Dat meldt de Landelijke Huisartsen Vereniging, die samen optrekt met zorgaanbieders in de eerste lijn.
Deze zorgaanbieders, verenigd in de Eerstelijnscoalitie, verzetten zich al jaren tegen de jaarverantwoordingsplicht en de extra administratieve belasting die dit voor hen betekent. Die lasten komen bovenop een groeiende stapel aan verantwoordingseisen waaraan zorgaanbieders moeten voldoen.
Wtza
Op 1 januari 2022 is de Wet toetreding zorgaanbieders in werking getreden. Die bevat verschillende verplichtingen voor zorgaanbieders, waaronder een verplichting tot een openbare jaarverantwoording. Alle zorgaanbieders, uitgezonderd zzp’ers, moeten hieraan voldoen en moeten vanaf 2023 financiële verantwoording afleggen over het voorgaande boekjaar. De coalitie heeft meerdere keren met de minister Helder en haar voorgangers gesproken over de effecten van de Wtza voor kleinschalige zorgaanbieders. Tot op heden heeft dit overleg slechts tot een verruiming van de openbaarmaking geleid.

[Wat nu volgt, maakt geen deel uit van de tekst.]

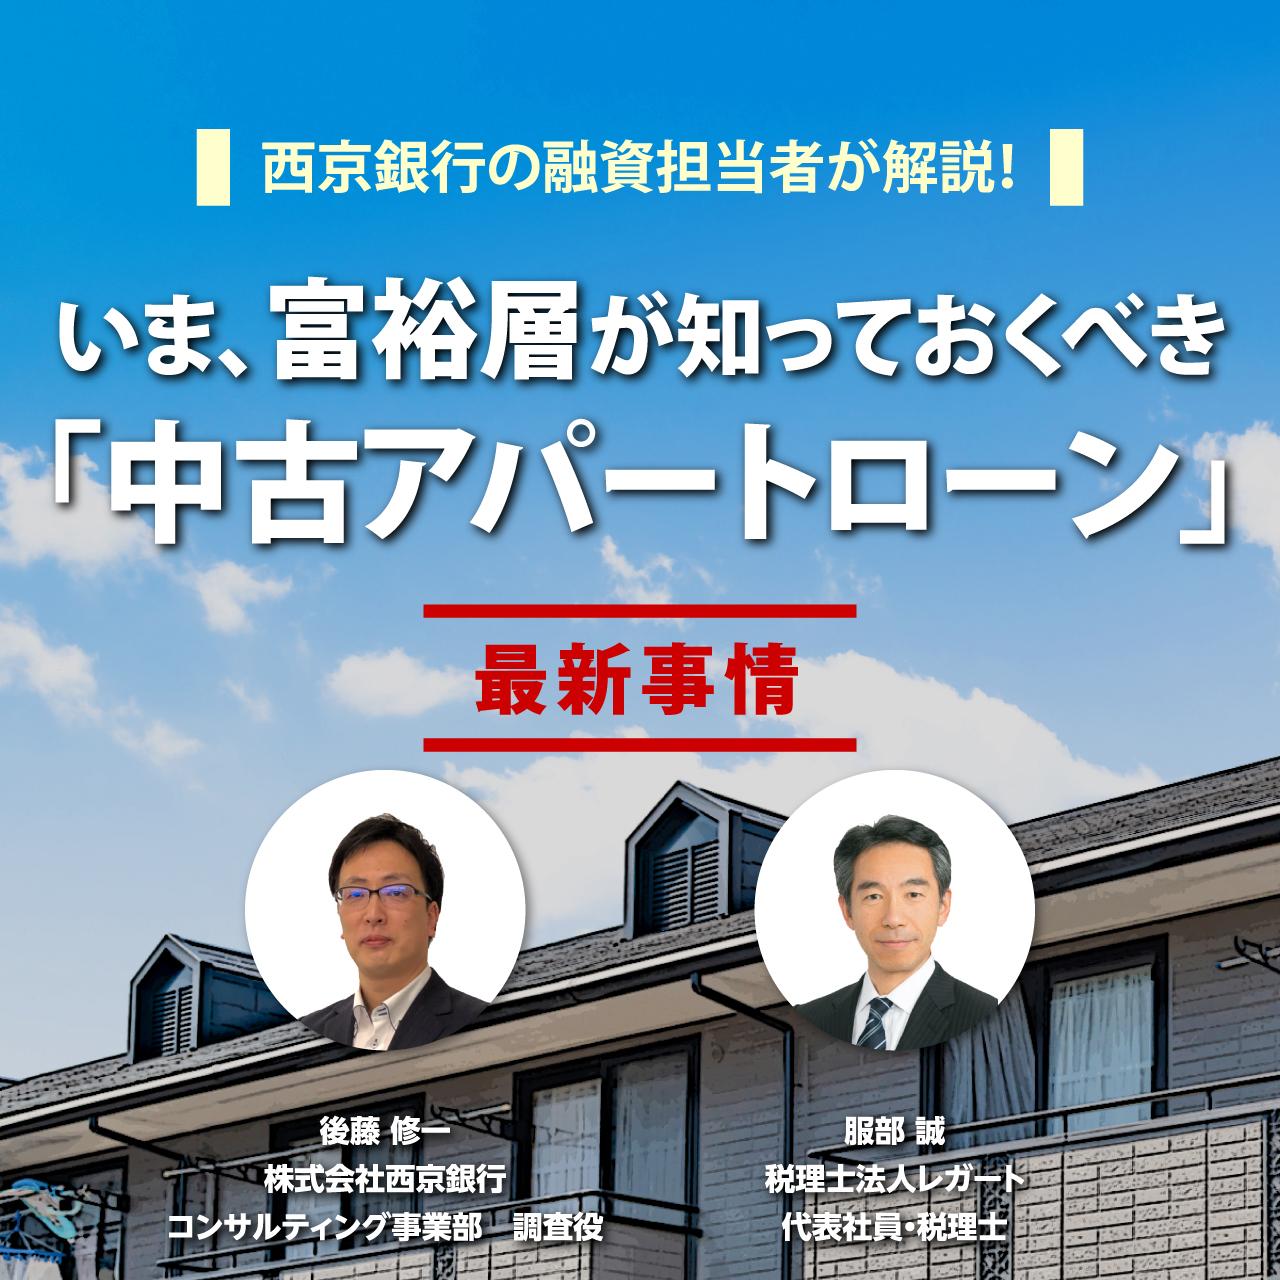 【オンライン開催】西京銀行の融資担当者が解説!いま、富裕層が知っておくべき「中古アパートローン」最新事情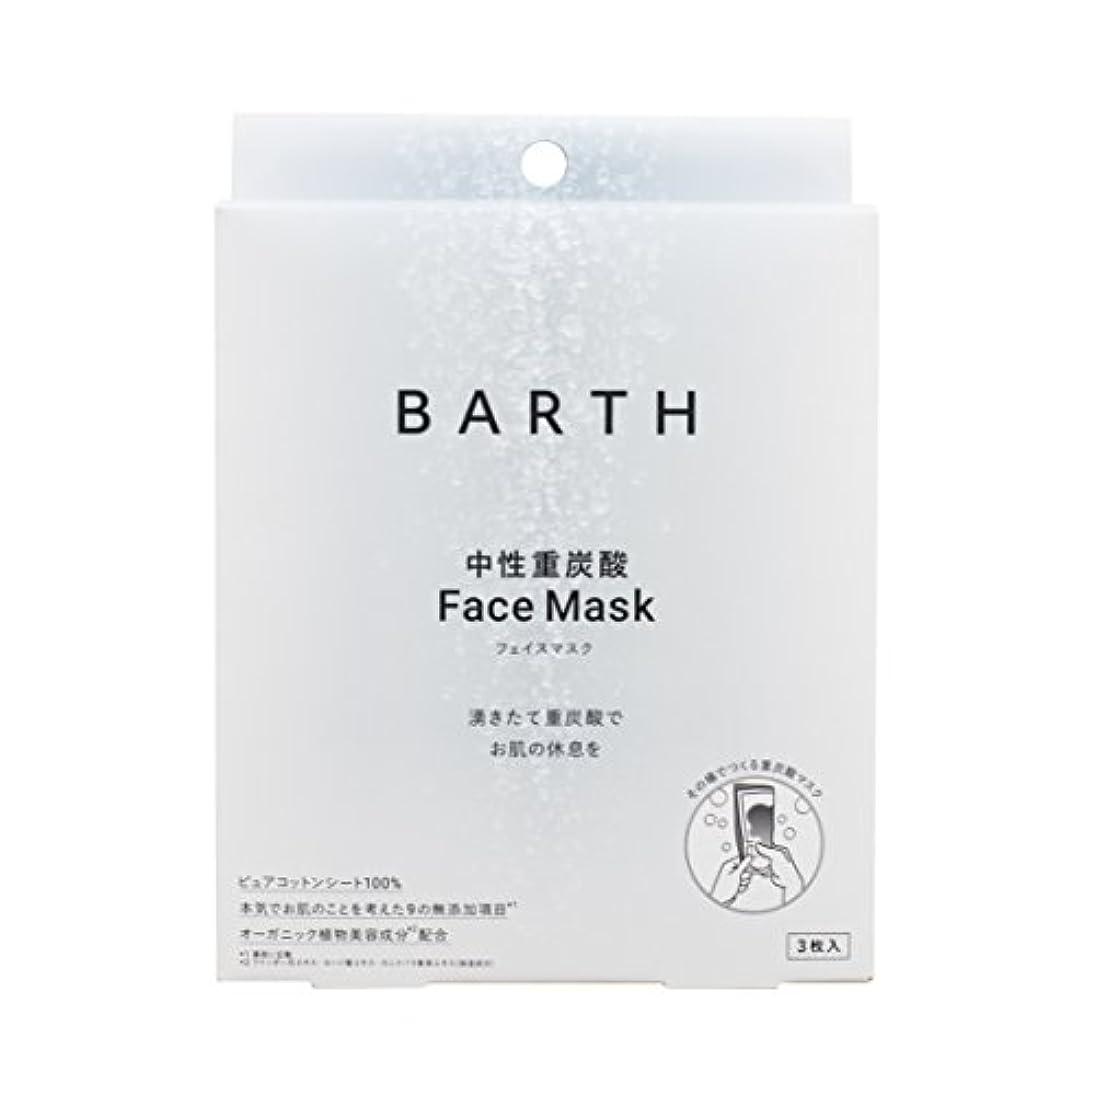 強度政権開発BARTH【バース】 中性 重炭酸 フェイスマスク (無添加 日本製 ピュアコットン 100% オーガニック植物美容成分3種入り) (3包入り)

Over boekjaar 2023 is deze tijdelijk verruimd naar 1 oktober 2024, dit was 1 juni 2024.
VWS
Op een alternatief voorstel voor de jaarverantwoordingsplicht dat de Eerstelijnscoalitie heeft neergelegd, hebben noch VWS, noch de NZa gereageerd. Het alternatieve voorstel behelst een uitzonderingspositie voor de eerste lijn en voor kleinere zorgaanbieders tot een bepaalde omzetgrens. Volgens de eerstelijns zorgaanbieders weegt de gevraagde tijdsinvestering voor deze groep niet op tegen wat het oplevert.
De LHV reageert teleurgesteld: “VWS biedt helaas geen ruimte voor beperking van de verplichting voor de eerstelijnszorg. Dat is niet alleen frustrerend, maar ook verschrikkelijk zonde van de kostbare tijd voor de patiëntenzorg van al die zorgverleners in de eerste lijn.” De LHV en andere zorgaanbieders beraden zich op nadere stappen.